Exercise goal
Quote these lines exactly: the one that holds "seiner Freundin Lindsay." and every line after it to the end of the material below. Skip pictures.

:: Data provided

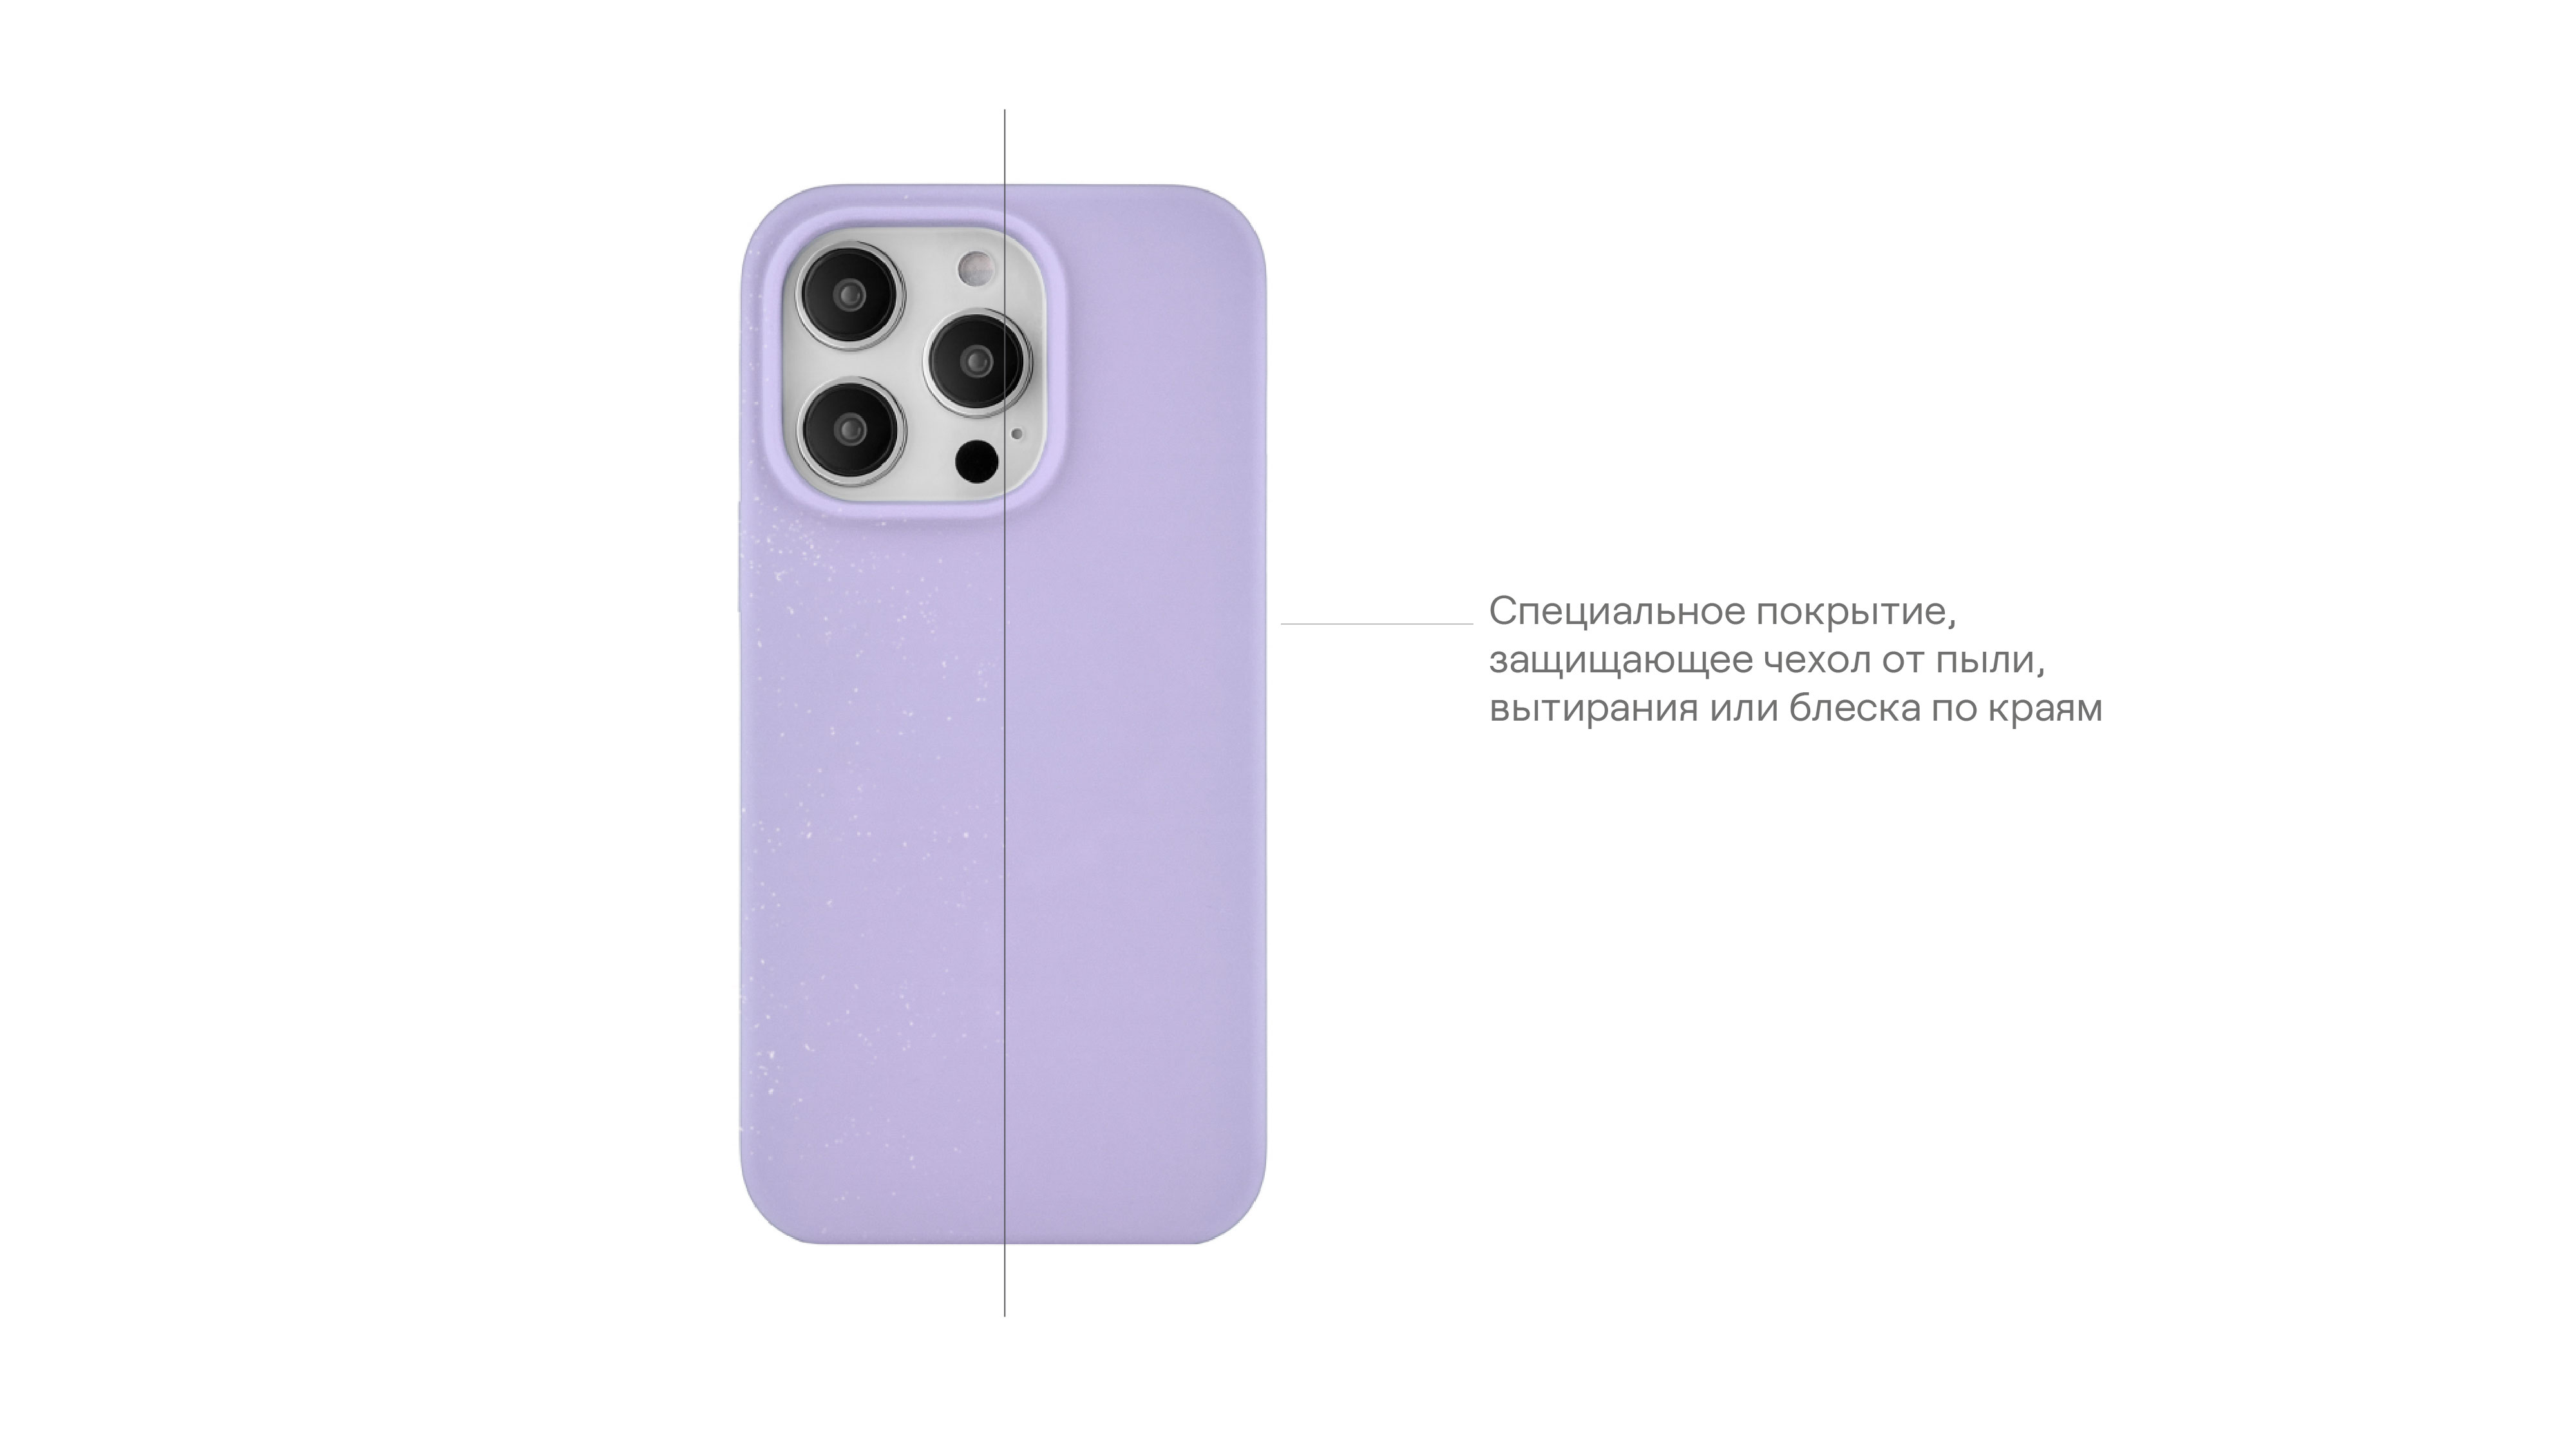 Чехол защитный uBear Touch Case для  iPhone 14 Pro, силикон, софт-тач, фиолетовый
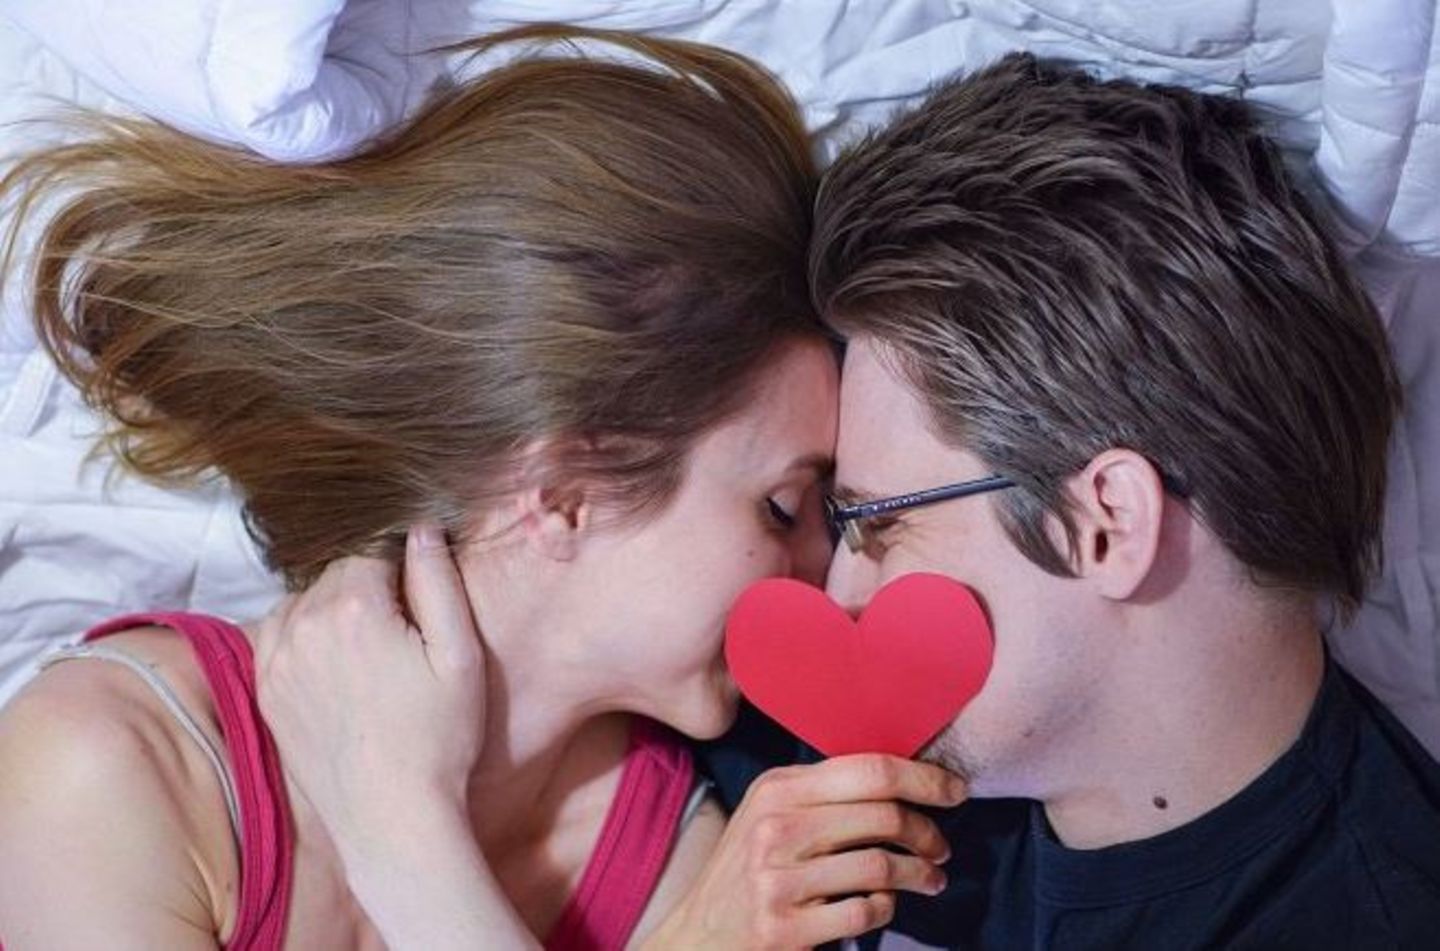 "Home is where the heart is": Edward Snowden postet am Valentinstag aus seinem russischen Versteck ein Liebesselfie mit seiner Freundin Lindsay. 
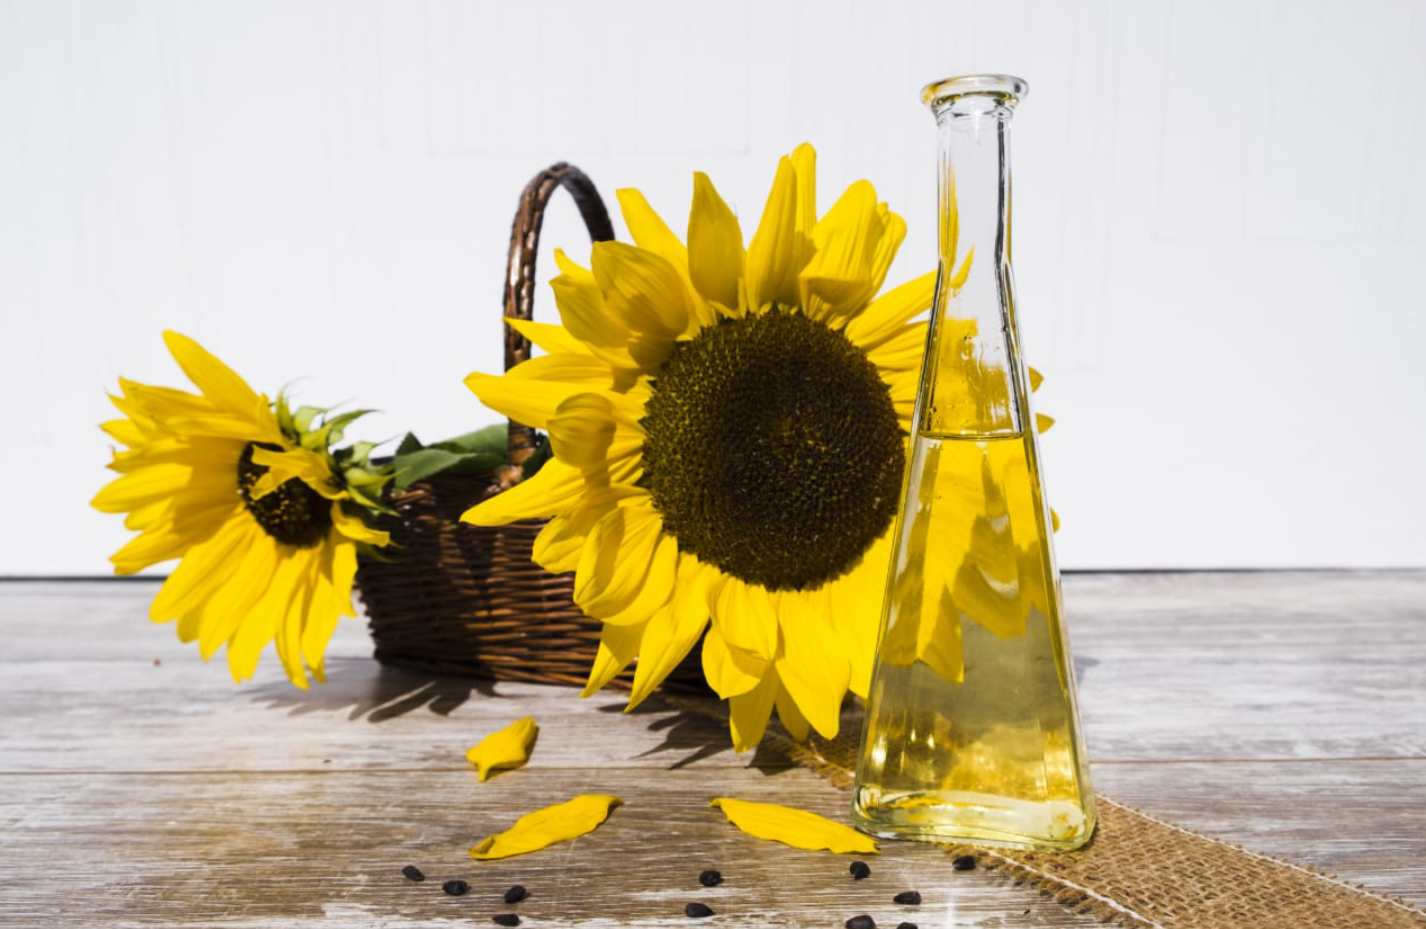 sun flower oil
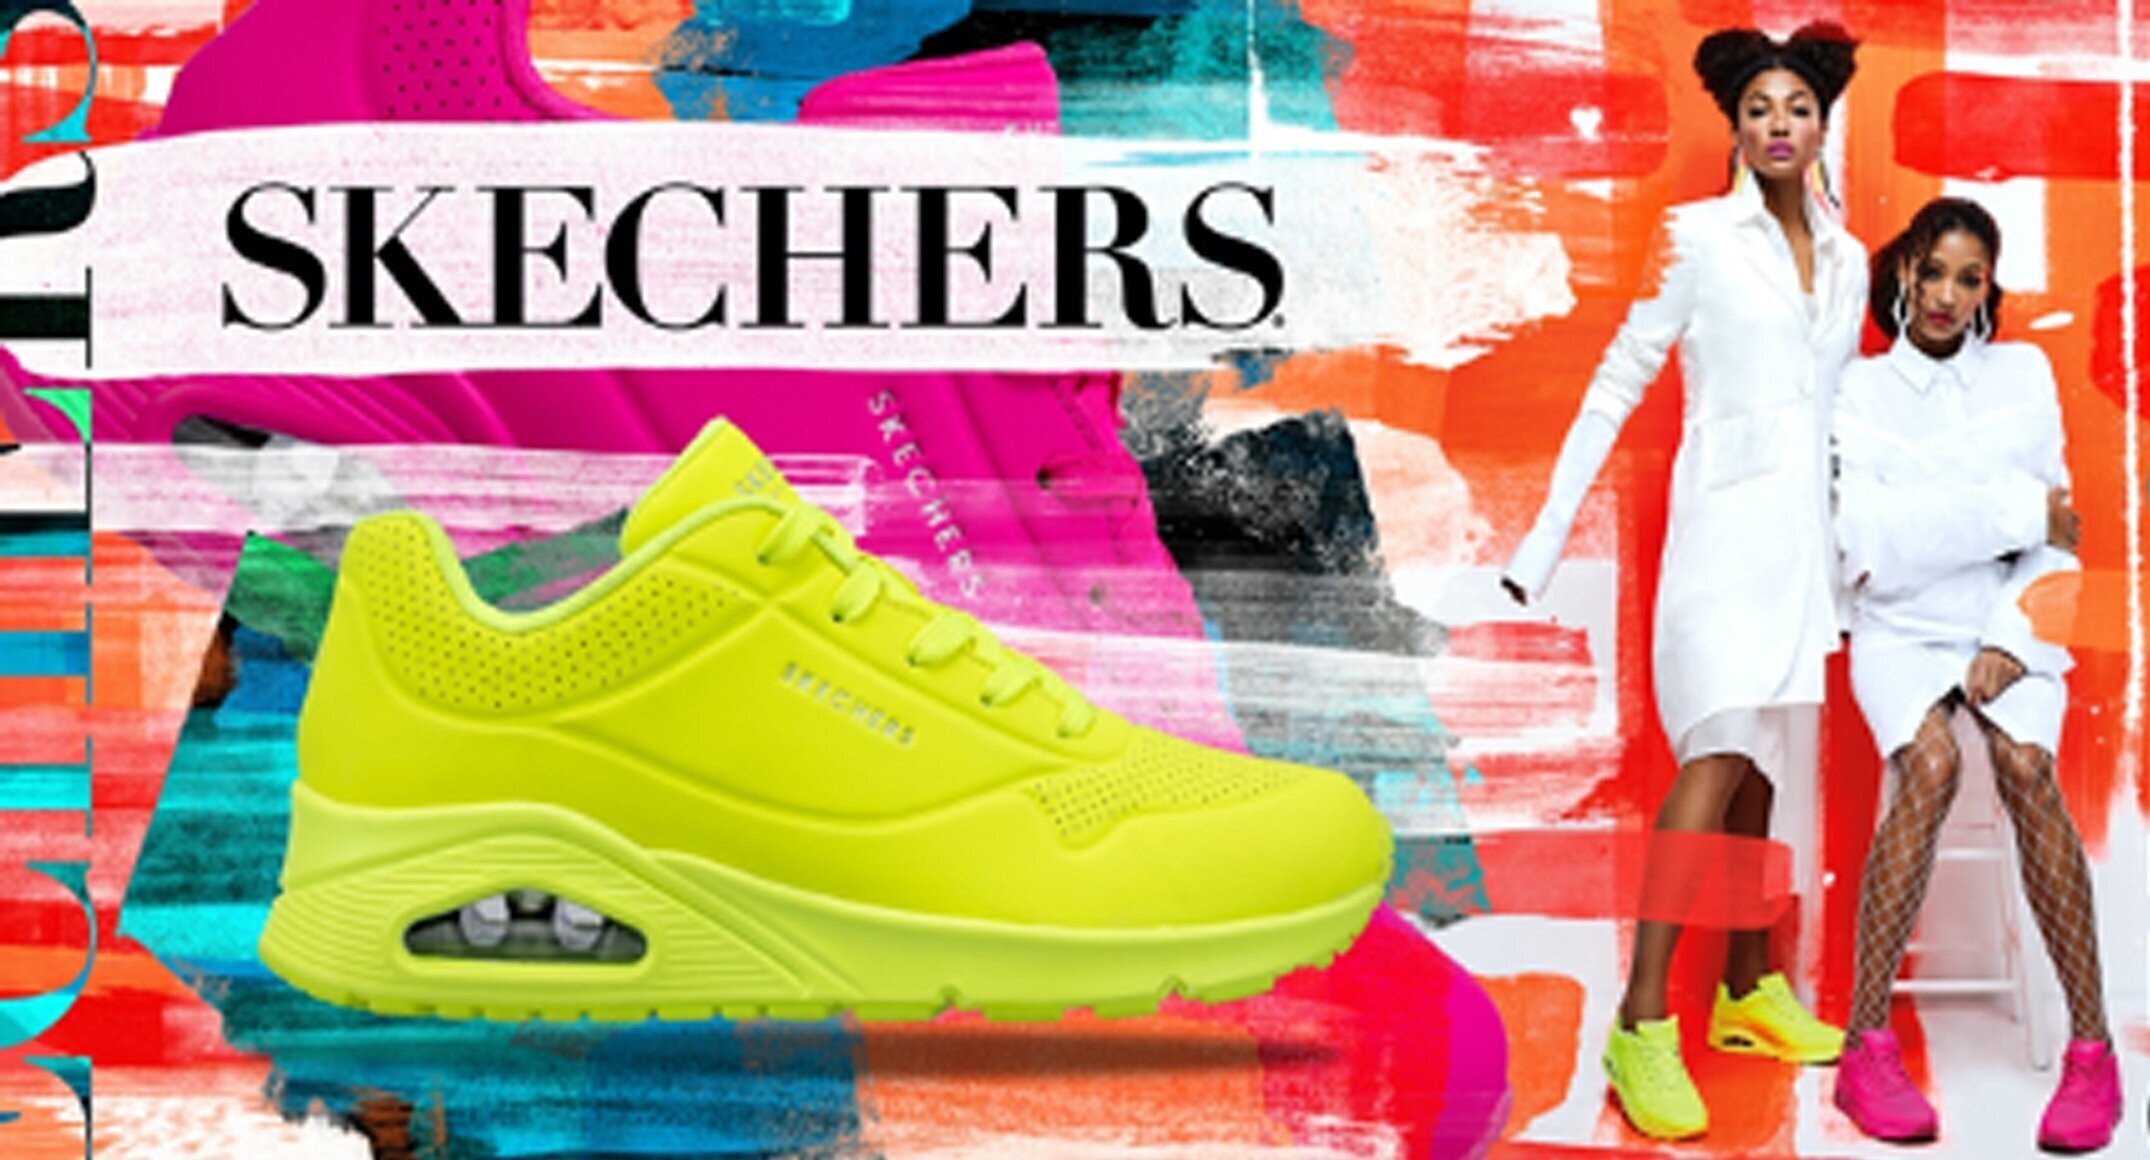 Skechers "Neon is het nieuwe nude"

::::

Expected answer
 "Home is where the heart is": Edward Snowden postet am Valentinstag aus seinem russischen Versteck ein Liebesselfie mit seiner Freundin Lindsay. 
 sun flower oil
 Skechers "Neon is het nieuwe nude"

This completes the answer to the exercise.